Синяки на руках прошли быстро, рана же в сердце, нанесенная красавицей, саднила долго. Мне было двадцать четыре, и я читал работы основоположников негритюда [3]3
Культурно-философская и идейно-политическая доктрина, в основе которой лежит концепция самобытности, самоценности и самодостаточности черной расы.
[Закрыть], читал Сезера, Сенгора и прочих приверженцев этого течения. Читал «Корни» Алекса Хейли о поисках его предков, вывезенных в трюмах судов из Гамбии в Северную Америку. Эта книга стала моей библией. Я страдал вместе с рабами, ходил вместе с ними в ярме, испытывал гнет в сотнях его разновидностей. Читая эти книги, я понял, почему зло надо пресекать в корне и не откладывать проявление гражданского мужества на благоприятный момент. Проявлять его требовалось немедленно, в момент совершения несправедливости, и только трусость каждого из нас превращала этот мир во многих его местах в смердящий свинарник. Я был предан этой заповеди всеми фибрами души, но чего стоили эти идеалы, если слабые не желали, чтобы им помогали, и умышленно не замечали протянутой мною руки?
В номере отеля, который я покидал на следующей неделе лишь для того, чтобы перекусить в ресторане на углу, я раздумывал над своим будущим и хорошо помню, как вечером первого дня напустил воды в ванну: надо было смыть с себя весь стыд и позор. Пусть эта африканка сидит в своем дерьме, я же поищу таких людей, которые сумеют оценить мою готовность вступиться за оскорбленных и униженных. В Восточной Европе империи рушились как карточные домики – и почему? Потому, что люди страстно и дружно протестовали. Потому, что не прятали голову в песок. Тот, кто не восстает против несправедливости, заслужил ее – таково было мое убеждение, и я вновь и вновь убеждал себя в этом, ибо в голове у меня грохотало издевательское прищелкивание. Первая встречная расфранченная девица полоснула ножом по моим идеалам. А что стоило этой мадемуазель подать какой-нибудь добрый знак, еле заметным жестом выказать уважение? Она же, увидев, что кто-то слабее ее, тут же переметнулась на сторону сильного – на сторону угнетателей. Из-за нее я торчал во враждебно настроенном ко мне городе, в засаленном скоплении обшарпанных домов, в дешевеньком гостиничном номере. А теперь вот сидел в кургузой, заляпанной известкой ванне. В утешение я старался внушить себе, что она вообще не африканка. По крайней мере, не настоящая. Наверняка ее удочерили какие-нибудь дизайнеры: решили украсить семейный интерьер ребеночком шоколадного цвета. Ее нельзя было упрекнуть в отсутствии социально развитого сознания: как любой пария, ставший парвеню, она отреклась от своего рода и племени, и в тот момент, когда ее назвали черной, не встретив с ее стороны возражений, она стала именно таковой – стала человеком, потерявшим к себе всякое уважение.
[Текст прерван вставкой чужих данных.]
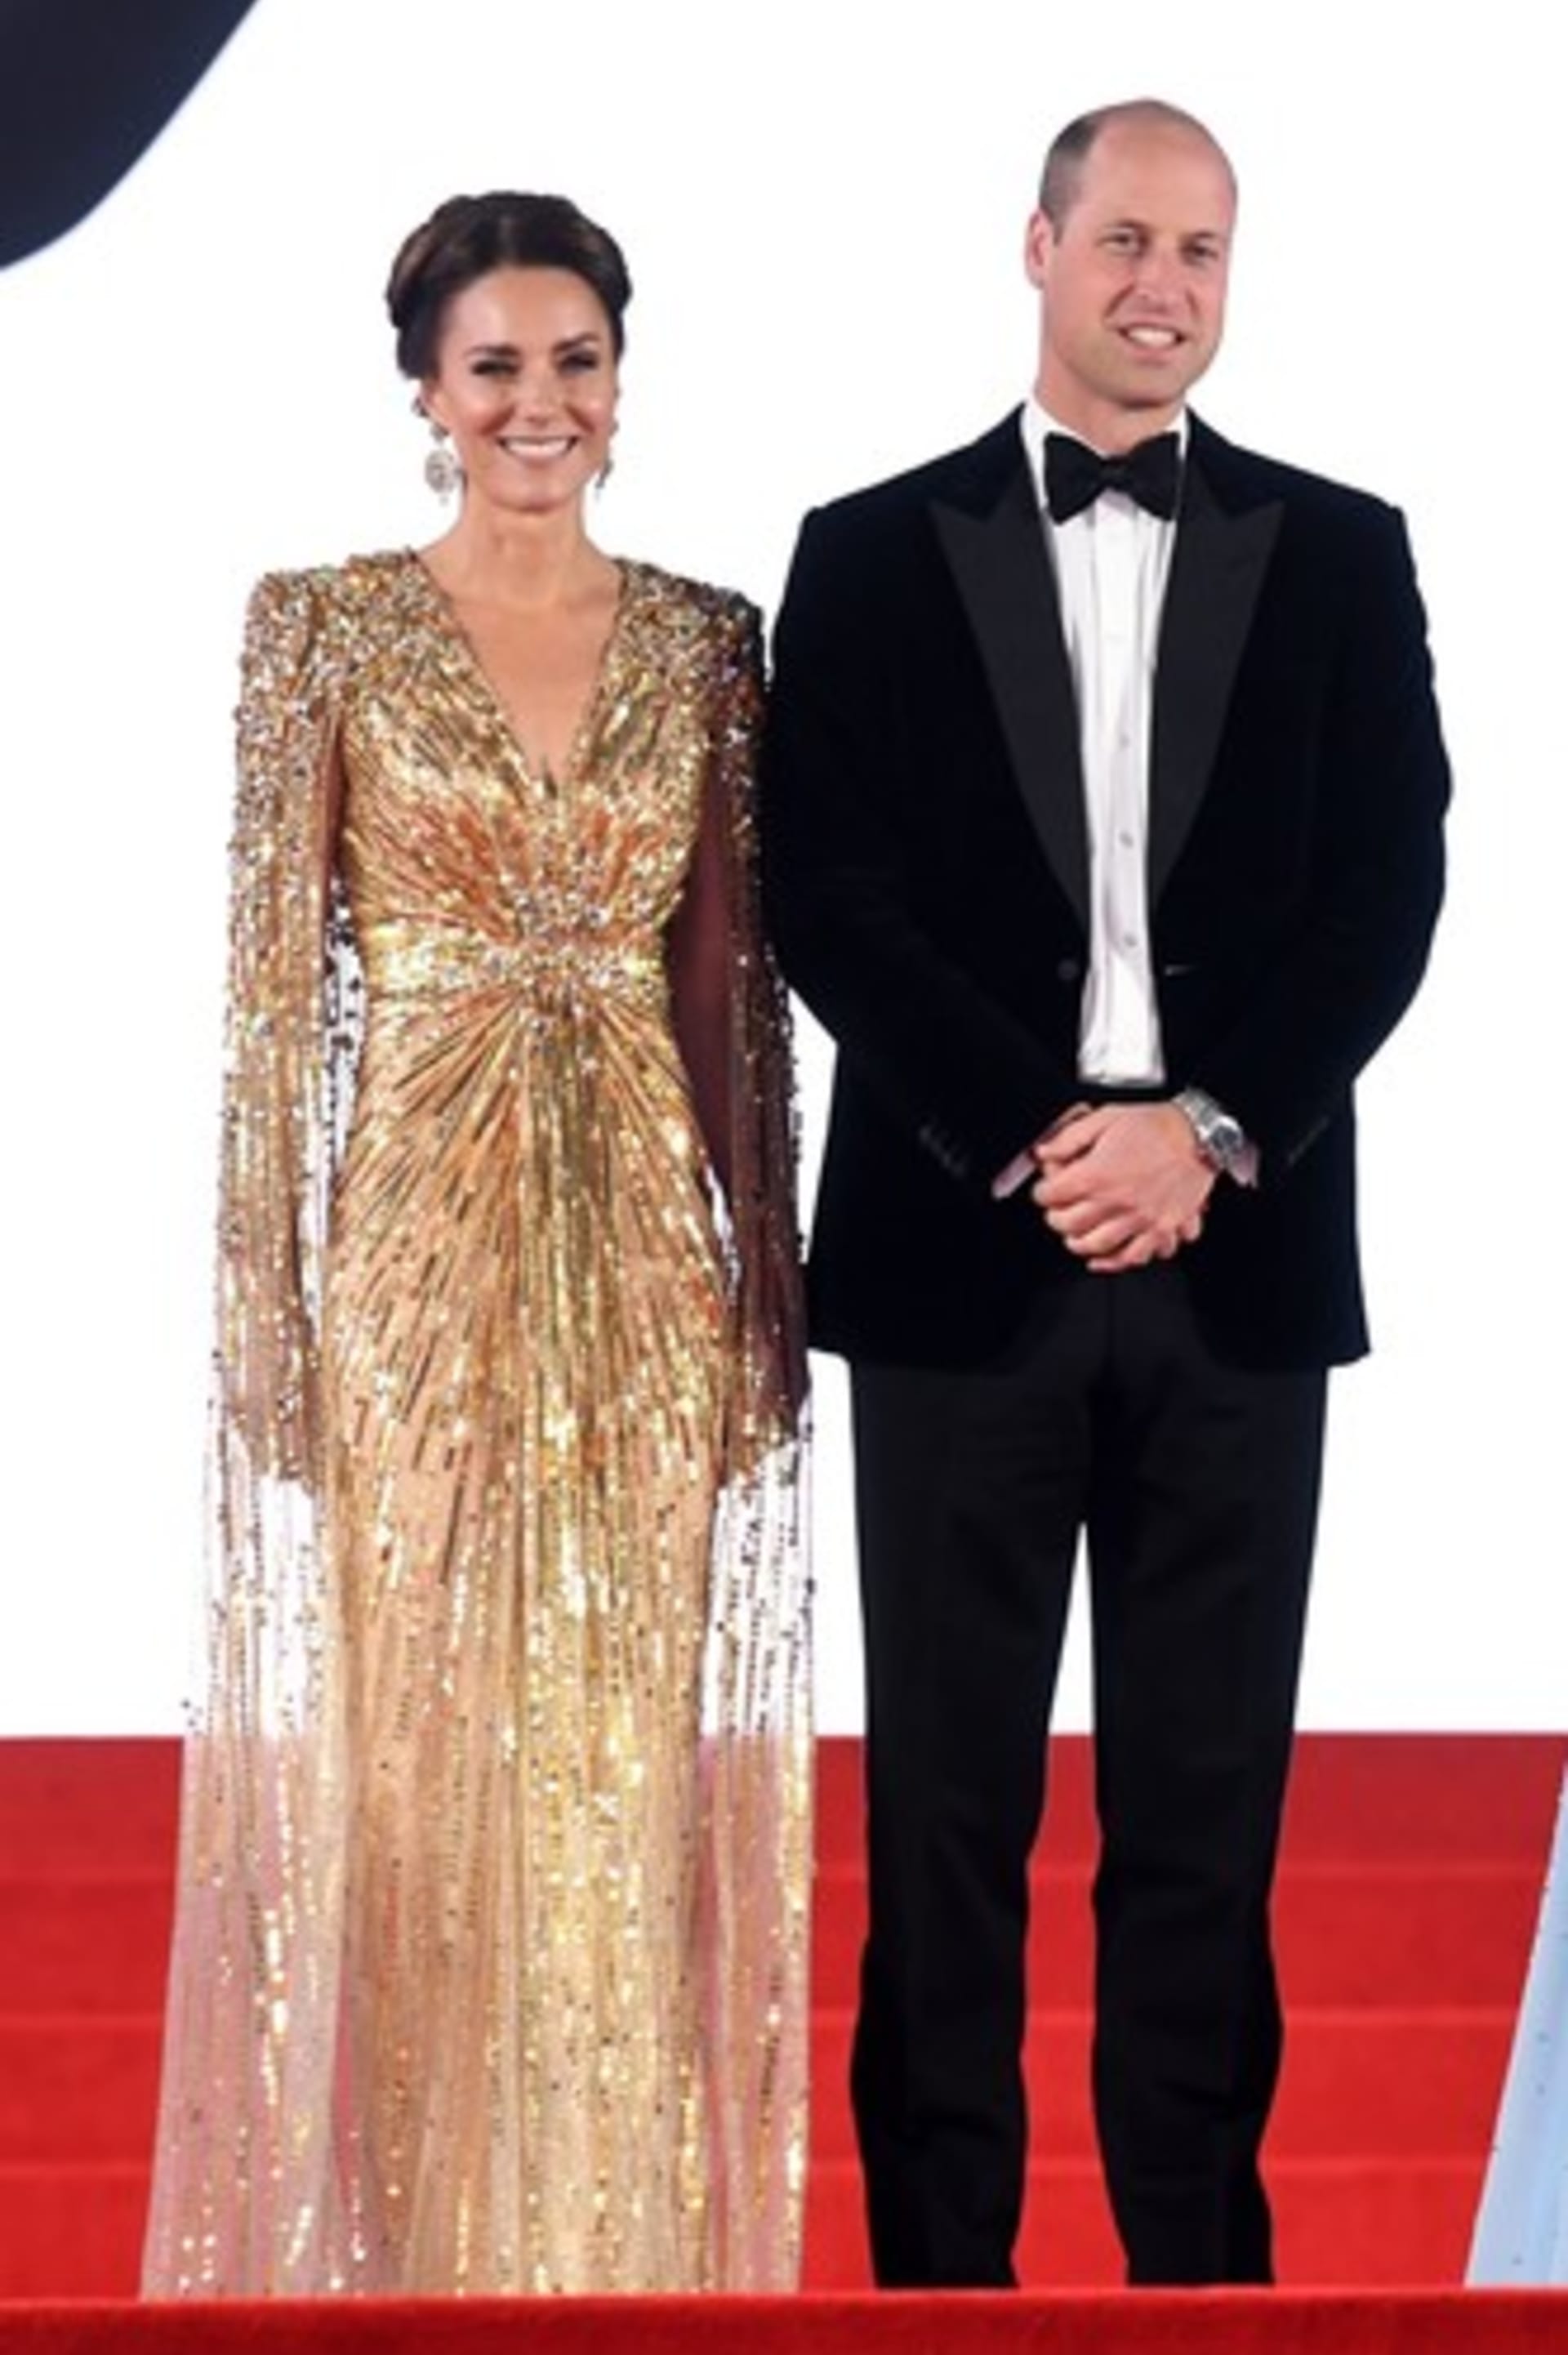 Vévodkyně Kate s princem Williamem na premiéře bondovky Není čas zemřít
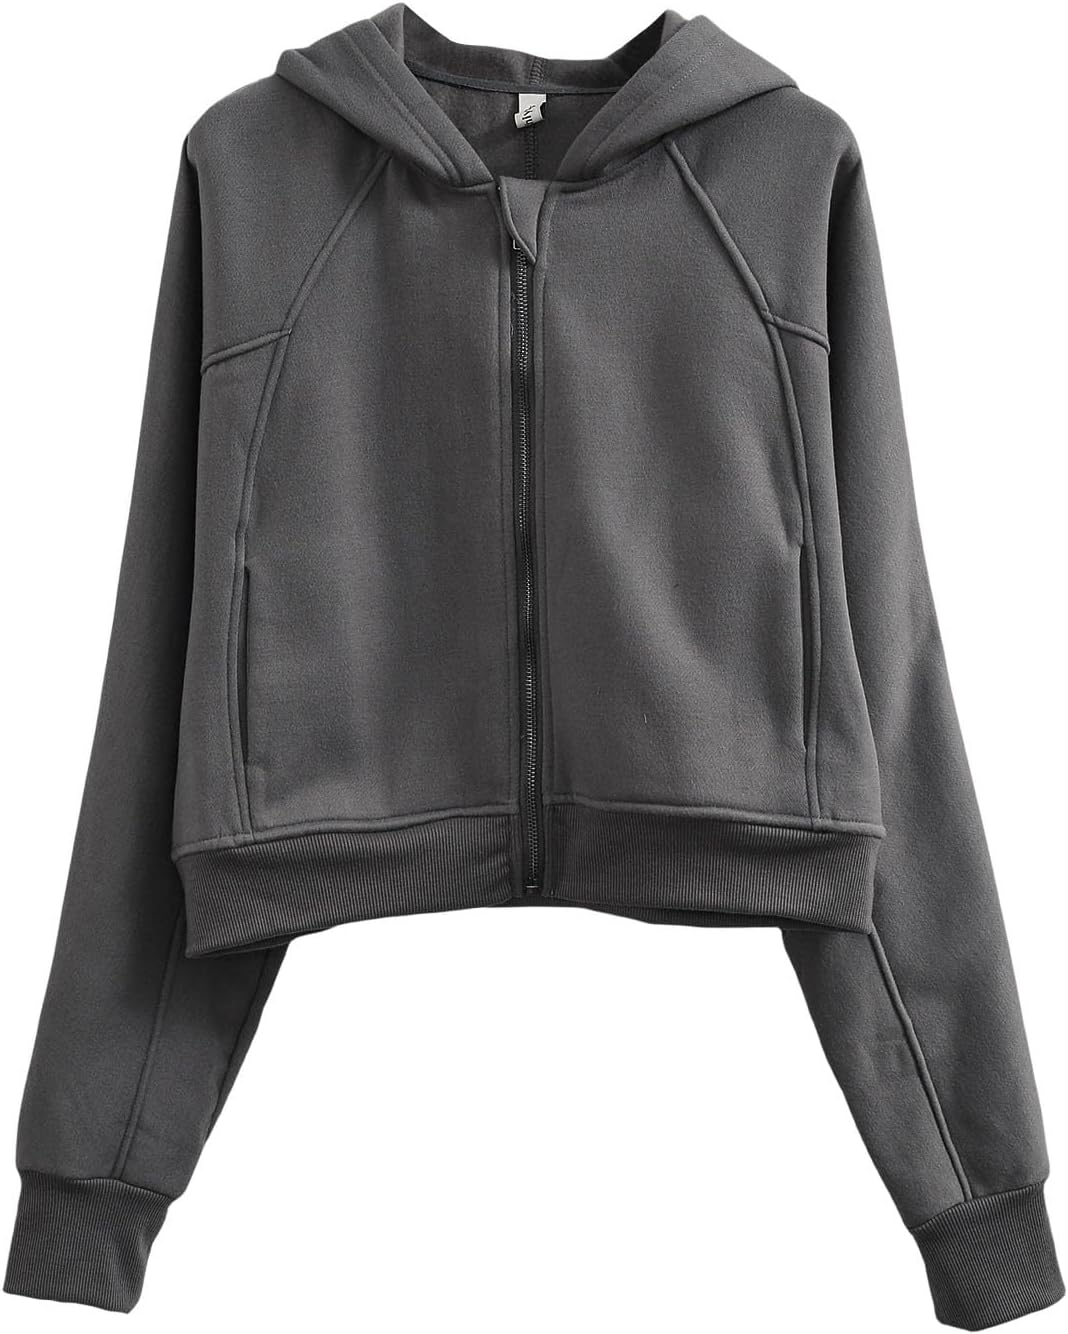 NTG Fad Ash / Medium Women' s Fleece Oversized Full-Zip Cropped Hoodie

Вытягивая из сливного отверстия затычку, я увидел перед собой ее лицо – лицо, по несчастью, прекрасное – и мысленно стал обзывать ее черной – поначалу стыдливо, робко, потом все смелее, четче, пока это слово не начали складывать мои губы и пока я не отважился произнести его вслух, облечь в звуки: черная… черная… черная…
Давид повторяет злое слово, как заклинание, наклоняется над столом и с минуту пребывает в этой позе, прежде чем откинуться назад – в тусклый, редеющий полусвет комнаты. Он выглядит бледным, бесцветным, вся фигура – серая, и мне нетрудно представить его в этой ванне – зябнущим, одиноким, обиженным.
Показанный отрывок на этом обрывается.